1)What is the last 2 digits when a numebr is divided by another? Eg. When (23^222) is divided by 4.
2)What is the last digit when a numebr is divided by another?
-Thhanks.
2006-10-30 06:00:41 · 2 answers · asked by ʞzɹәႨnɹ 2 in Science & Mathematics ➔ Mathematics
Can u please also link me to a Web Resource for similar maths questions(w ans).
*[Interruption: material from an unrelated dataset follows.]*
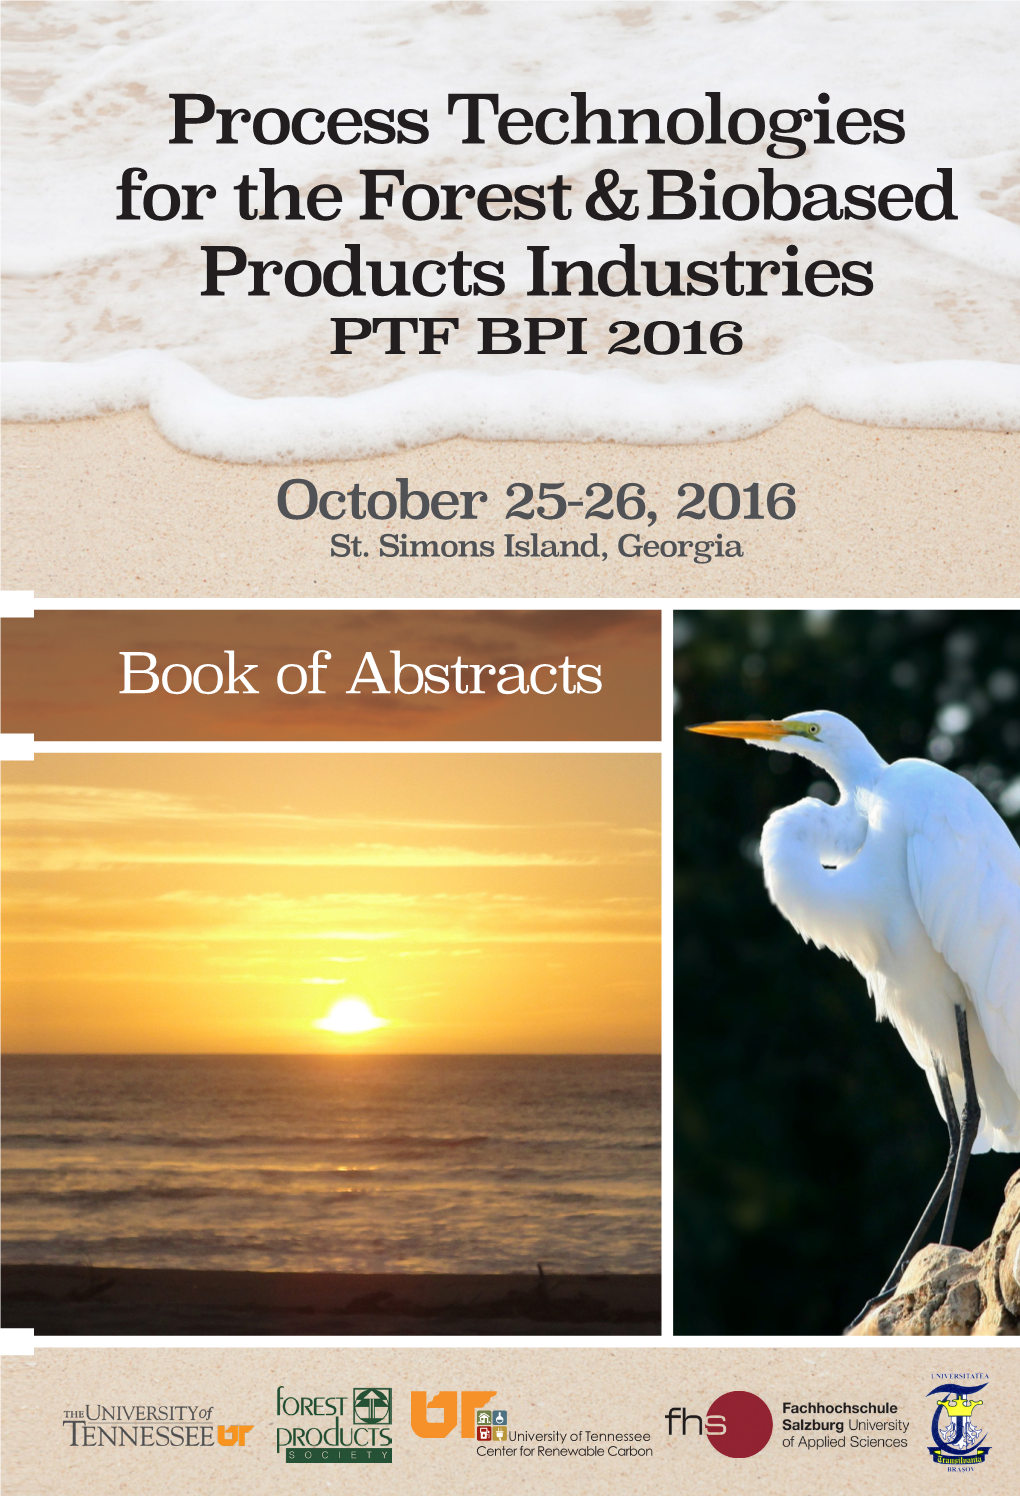 Process Technologies for the Forest & Biobased Products Industries P

I want examples
2006-10-30 06:07:14 · update #1
Or better still, please solve this Example itself:-
"find last digit & last-2-digits when 23^123 is divided by 4"
-Thanks
2006-10-30 06:09:47 · update #2
sorry, just take a similar example - (23^x)/4 where 23^x is completely div. by 4
2006-10-30 06:34:41 · update #3
You just have to figure a pattern...
23^1 = 23
--> 23 / 4 = 5.75
Last digit = 5
23^2 = 529
--> 529 / 4 = 132.25
Last digit = 2
23^3 = 12167
--> 12167 / 4 = 3041.75
Last digit = 1
23^4 = 279841
--> 279841 / 4 = 69960.25
Last digit = 0
23^5 = 6436343
--> 6436343 / 4 = 1609085.75
Last digit = 5
23^6 = 148035889
--> 148035889 / 4 = 37008972.25
Last digit = 2
23^7 = 3404825447
--> 3404825447 / 4 = 851206361.75
Last digit = 1
23^8 = 78310985281
--> 78310985281 / 4 = 19577746320.25
Last digit = 0
So the pattern of the last digit is:
5, 2, 1, 0, 5, 2, 1, 0, etc.
Take the exponent and divide by 4, then take the remainder:
1/4 --> r1 --> 5
2/4 --> r2 --> 2
3/4 --> r3 --> 1
4/4 --> r0 --> 0
5/4 --> r1 --> 5
6/4 --> r2 --> 2
7/4 --> r3 --> 1
8/4 --> r0 --> 0
etc.
See the pattern?
So if we take the exponent (222) and divide by 4, you get 55 r2. Anytime you have r2 --> 2
So 23^222 will have 2 as the last digit.
2006-10-30 06:03:40 · answer #1 · answered by Puzzling 7 · 0⤊ 0⤋
can u clarify ur question as 23^222 is not divisible by 4.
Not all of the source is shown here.